Dataset extract: Begin

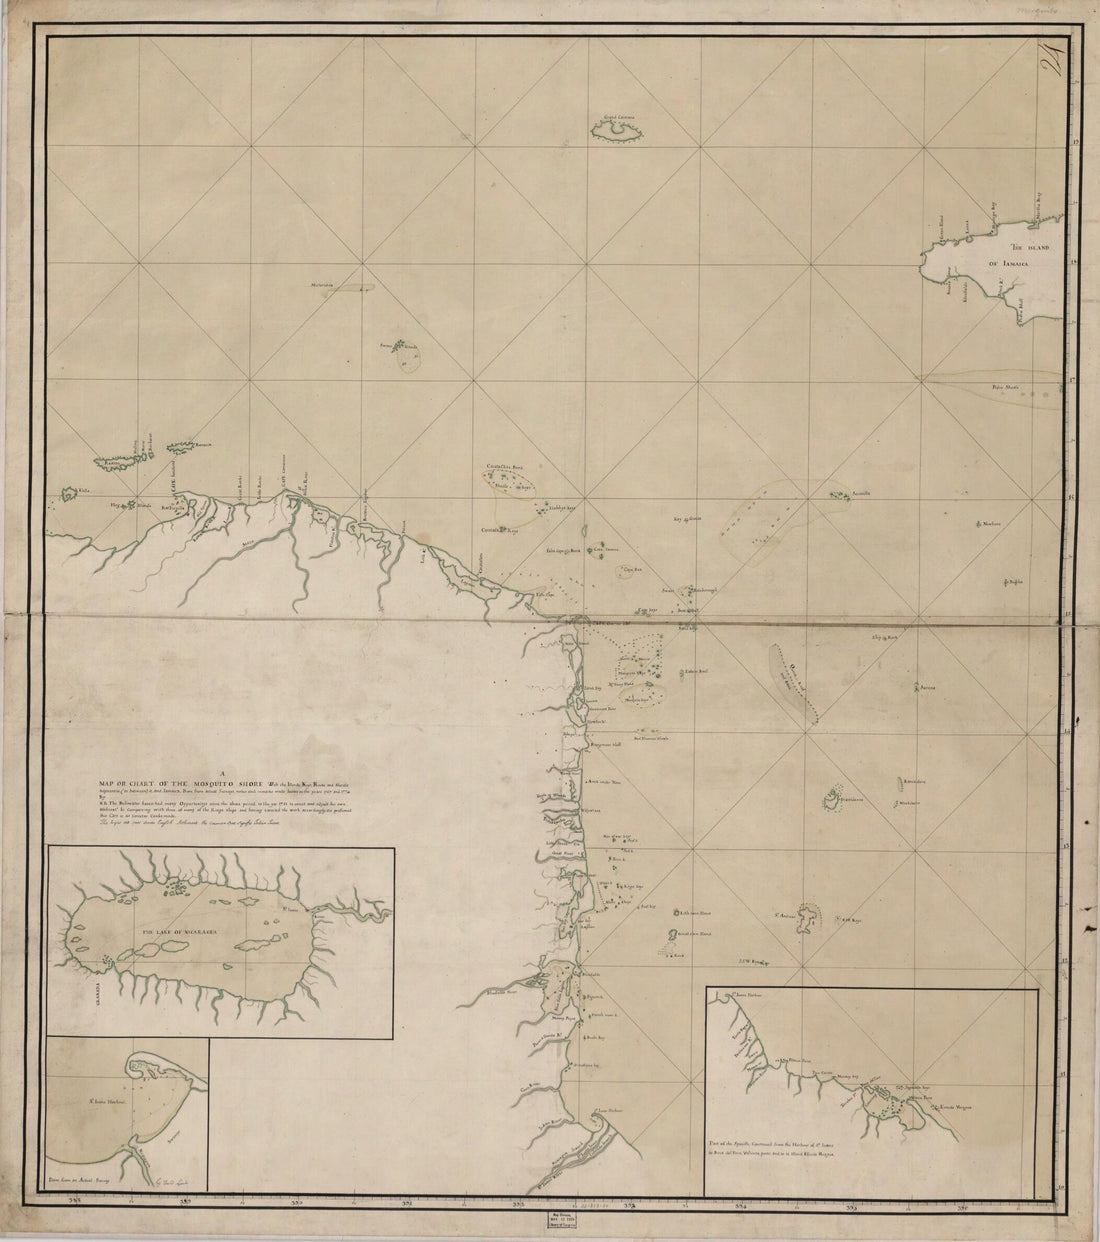 This old map of A Map Or Chart of the Mosquito Shore : With the Islands, Keys, Rocks and Shoals, Adjacent to (or Between) It and Iamaica from 1781 was created by David Lambi in 1781
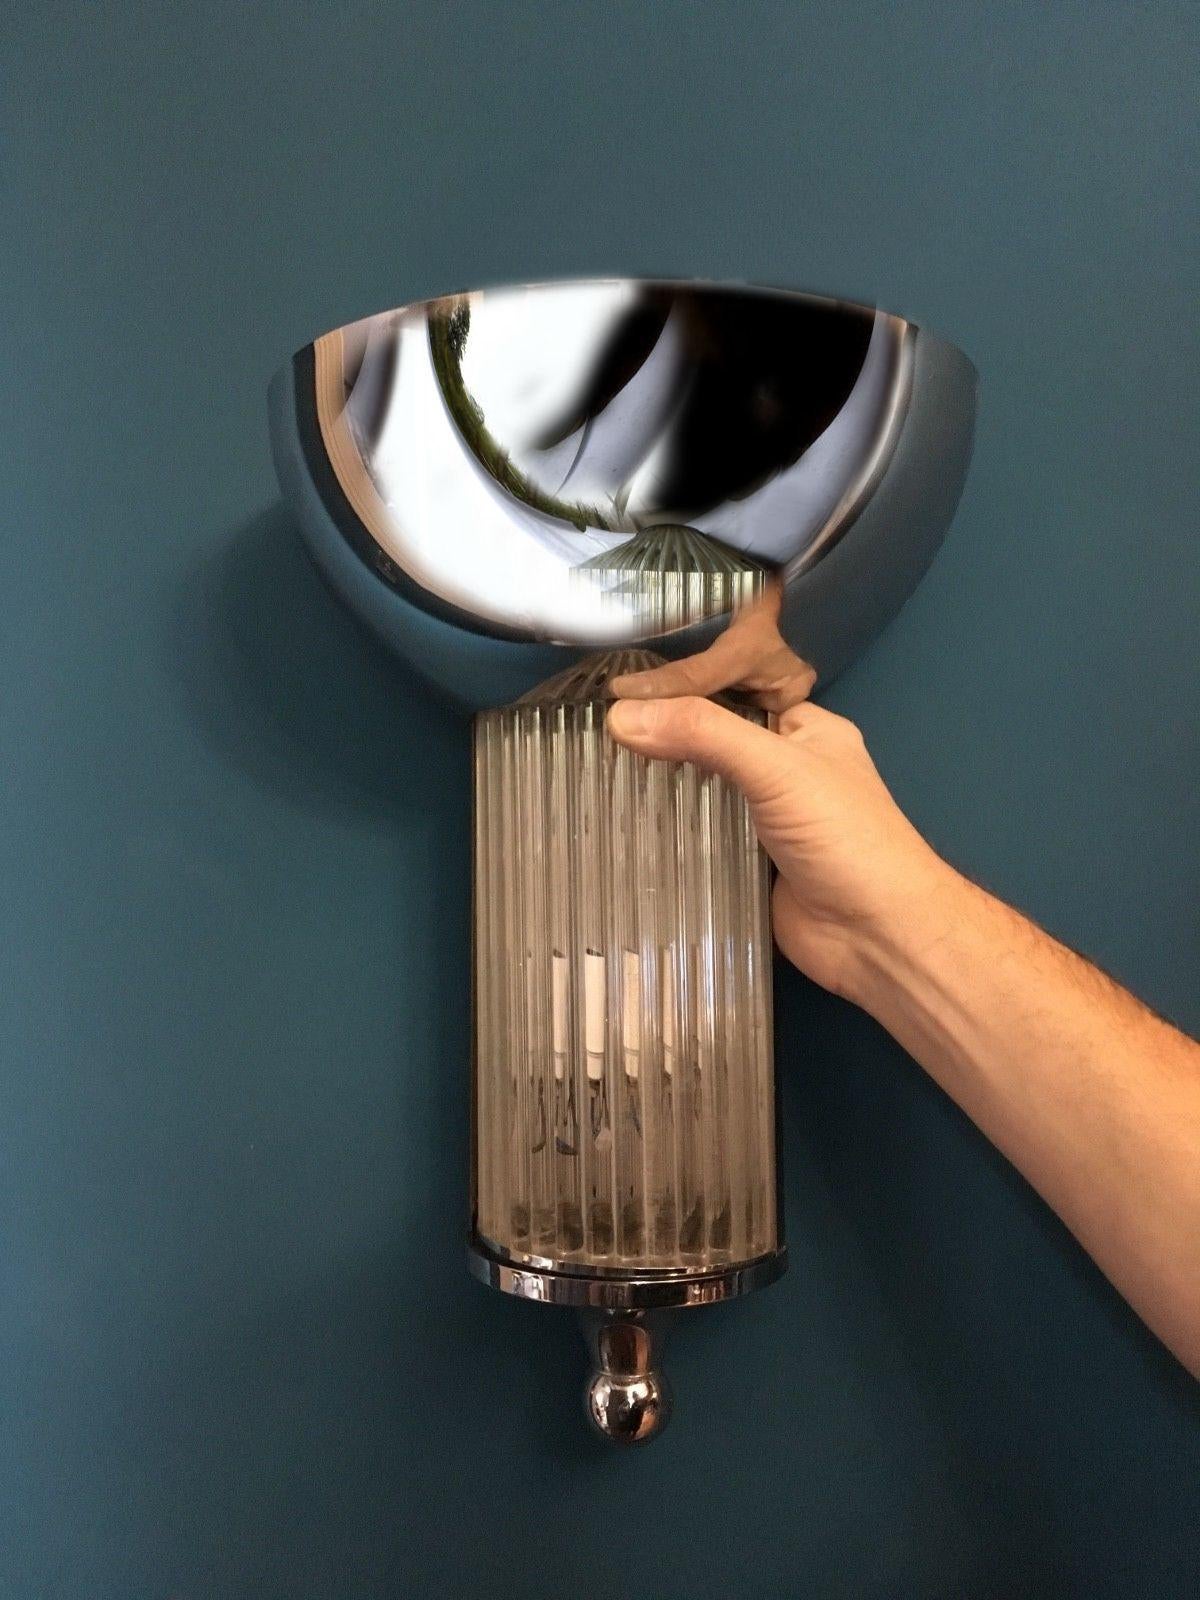 Lovely pair of large Cinema style Art Deco chrome and glass rods wall lights. Excellent used condition, each light takes two bulbs with a light behind glass rods and in chrome up-lighter shade. Wonderful ambient lighting makes these lights a real
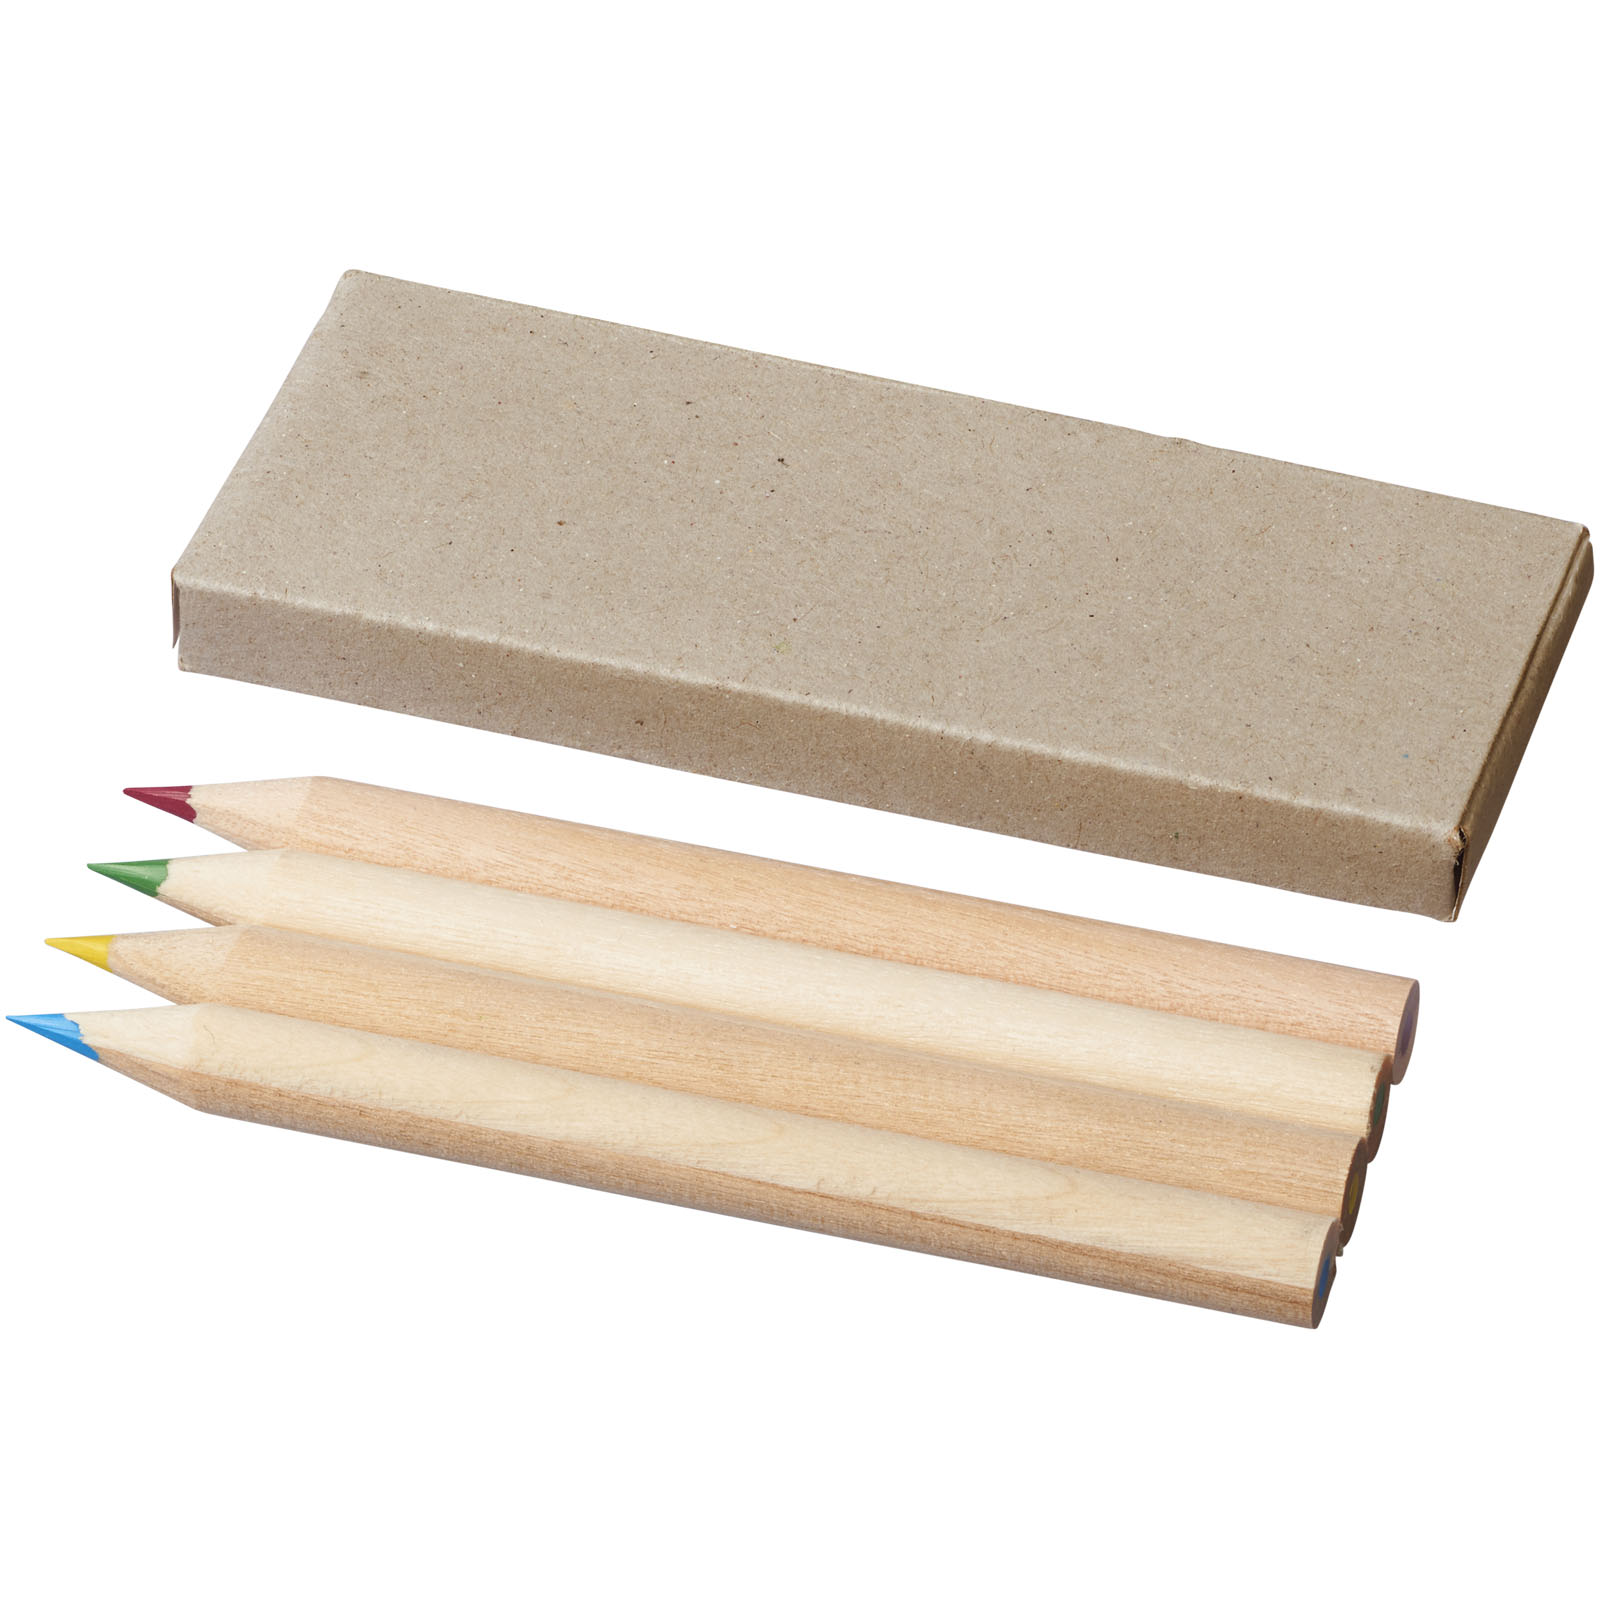 Set of wooden crayons LASSOES in paper box, 4 pieces - light grey

Dataset extract: End

What you give back must match the material above exactly, minus its pictures.

Reply ::
 This old map of A Map Or Chart of the Mosquito Shore : With the Islands, Keys, Rocks and Shoals, Adjacent to (or Between) It and Iamaica from 1781 was created by David Lambi in 1781
 Lovely pair of large Cinema style Art Deco chrome and glass rods wall lights. Excellent used condition, each light takes two bulbs with a light behind glass rods and in chrome up-lighter shade. Wonderful ambient lighting makes these lights a real
 Set of wooden crayons LASSOES in paper box, 4 pieces - light grey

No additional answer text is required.